Yes, I didn't adequately make my point.

Others have offered as an explanation for

Assuming[x>=0, Refine[Infinity/x]] yielding Infinity or more
precisely, DirectedInfinity[1] as simply being x>=0 requires x
to be a real in order for the > portion to have validity.

You suggested

Assuming[x==0, Refine[Infinity/x]]

yields ComplexInfinity or more precisely DirectedInfinity[] as
being due to not having a know sign value for x when x is 0

I find both explanations wanting, i.e. somewhat incomplete.

If I take x == 0 to be an isolated point, then I can see why
Mathematica returns DirectedInfinity[] (ComplexInfinity) rather
than DirectedInfinity[1] (Infinity) as there is no basis for
assuming any particular direction.

And when I take x>0, I implicitly require x to be real for the >
operation to be valid which makes DirectedInfinity[1] reasonable.

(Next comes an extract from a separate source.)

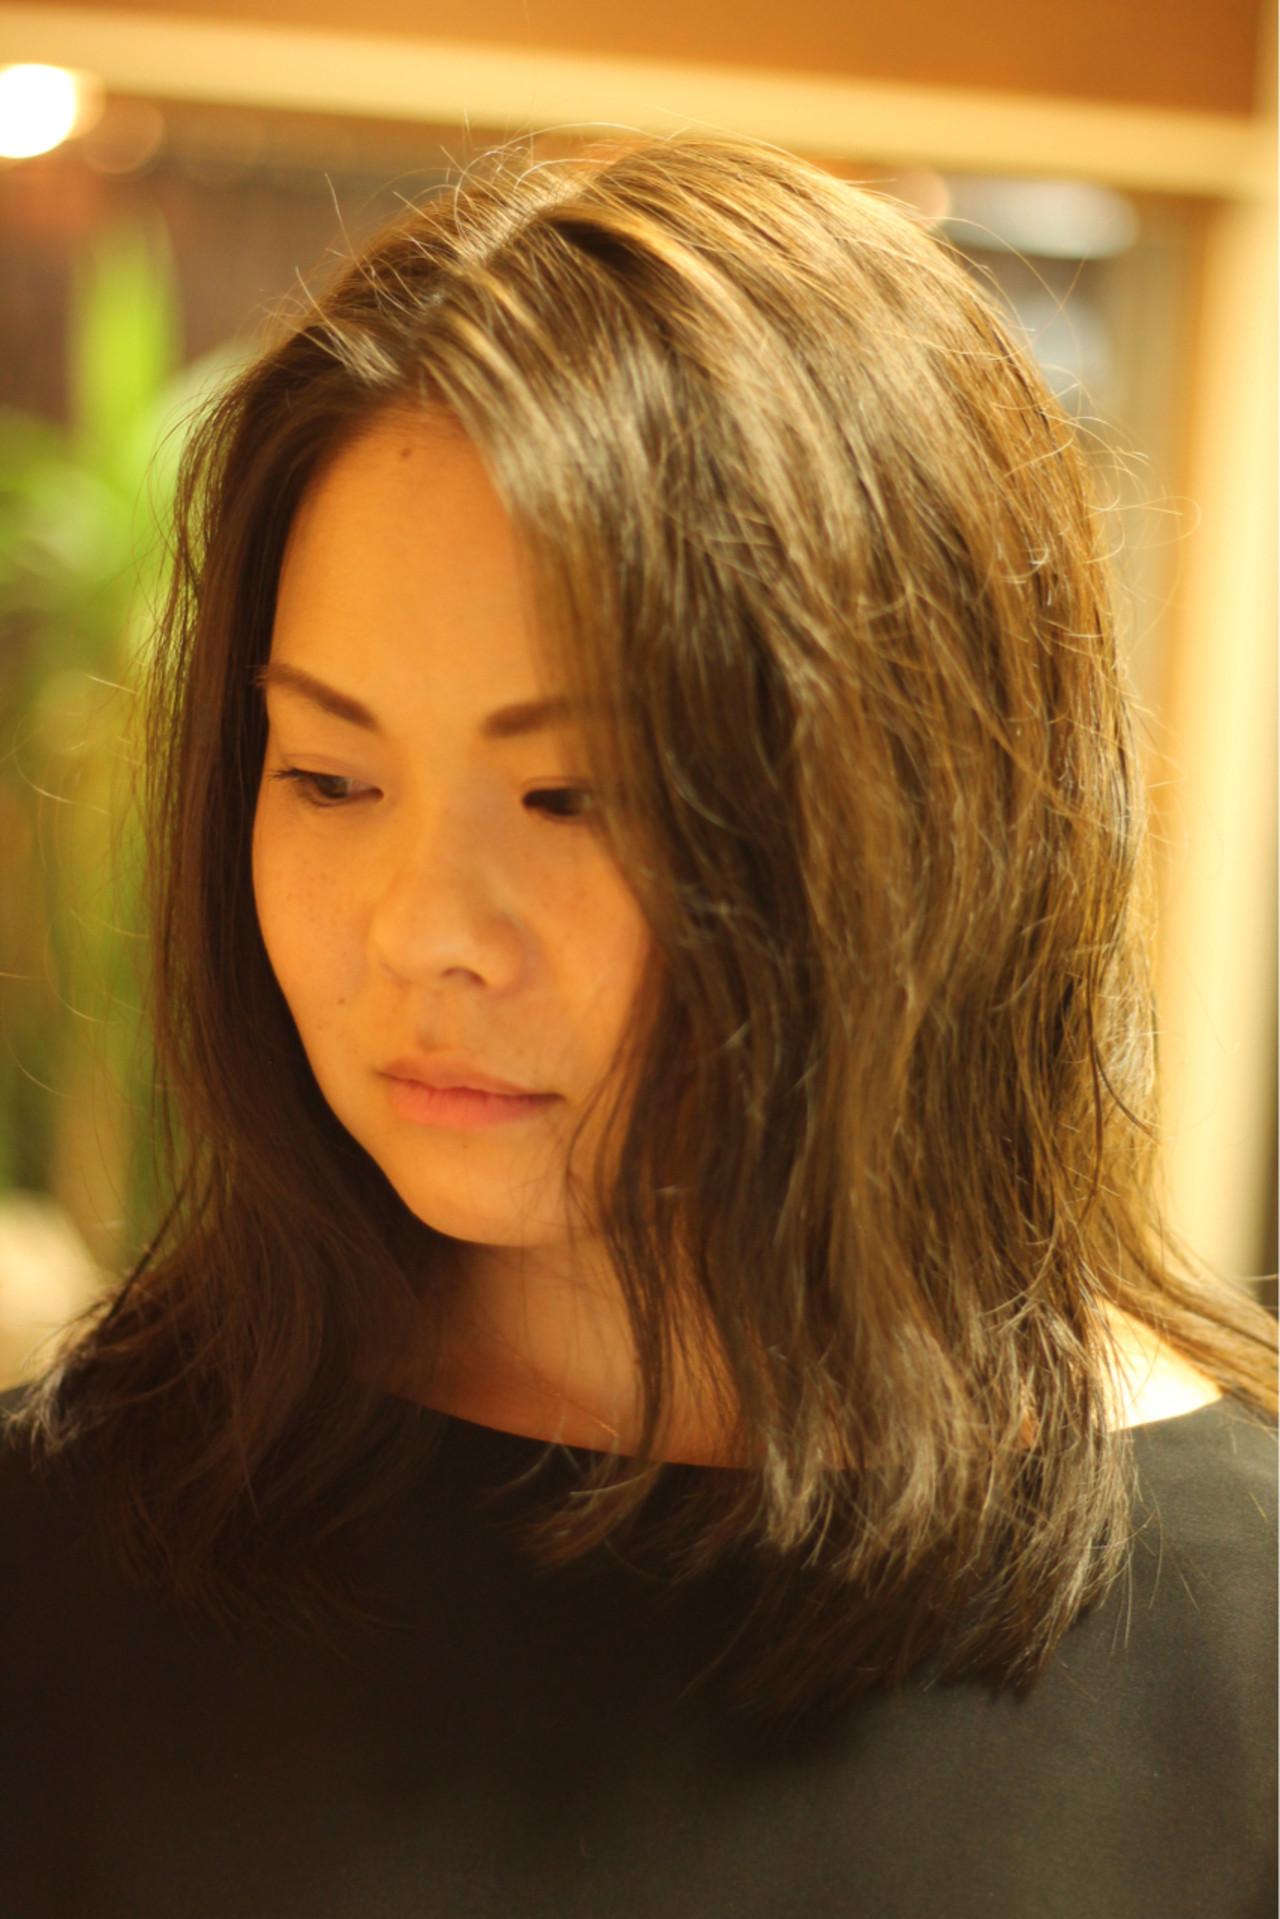 アンニュイ 愛され セミロング ガーリー ヘアスタイルや髪型の写真・画像
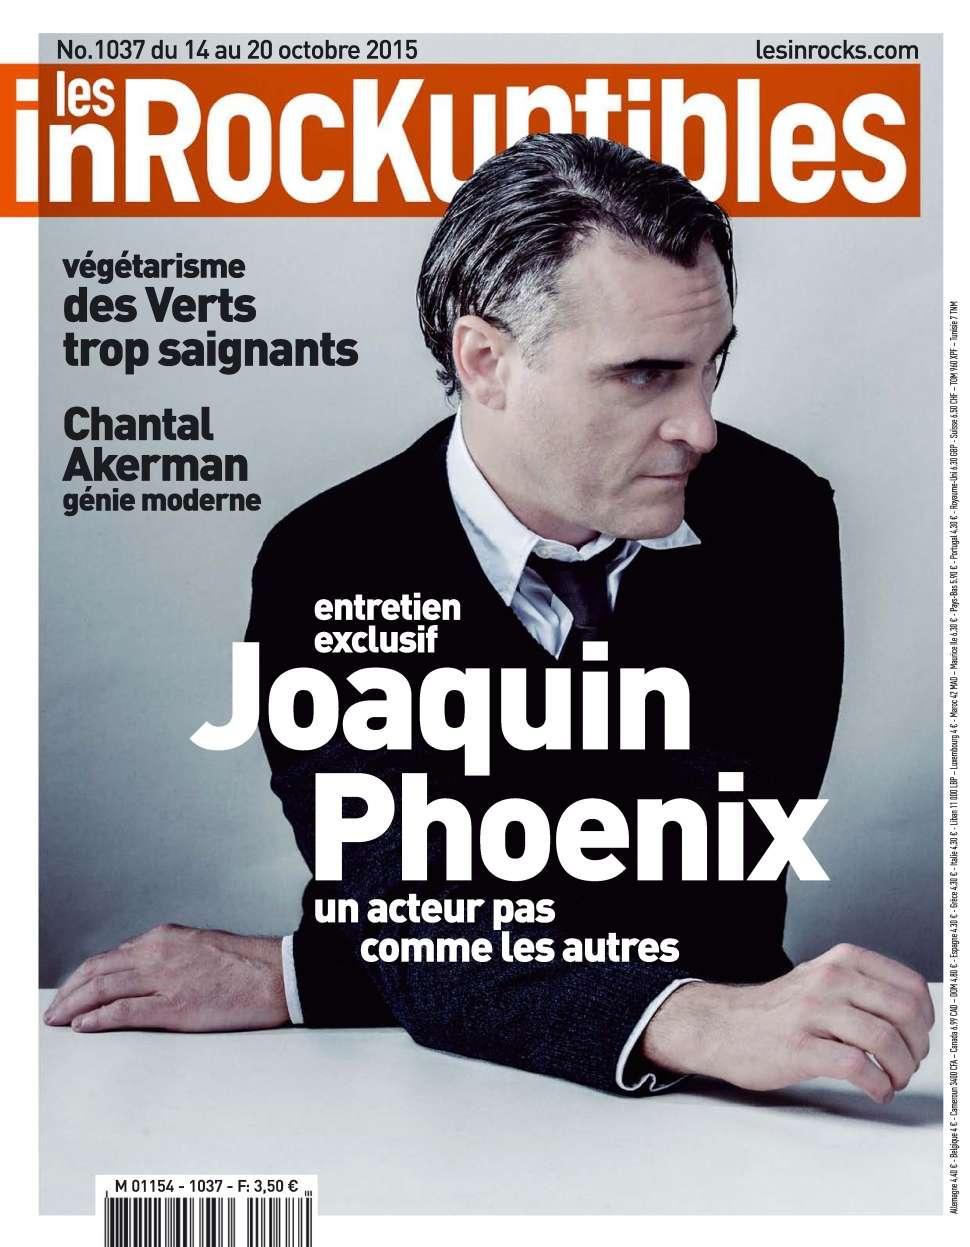 Les Inrockuptibles 1037 - 14 au 20 Octobre 2015

But none of the reasons for Assuming[x>=0, Refine[Infinity/x]]
yielding DirectedInfinity[1] seem to be adequate from a strictly
mathematical point of view.

I can see why it might be simpler from a programming viewpoint
to return DirectedInfinity[1] rather than DirectedInfinity[].
And I can kind of see it as being somewhat implied that I am
restricting things to the real line with x>=0. But I just
haven't seen a mathematical reason for assuming I am restricting
the problem to the real line at x == 0 simply by adding the
possibility of other real positive values for x.

In fact, it seems very inconsistent that

Assuming[(x == 0 && Element[x, Complexes]) || x > 0,
  Refine[Infinity/x]]

returns DirectedInfinity[1] (Infinity)

when

Assuming[(x == 0 && Element[x, Complexes]), Refine[Infinity/x]]

returns DirectedInfinity[] (ComplexInfinity)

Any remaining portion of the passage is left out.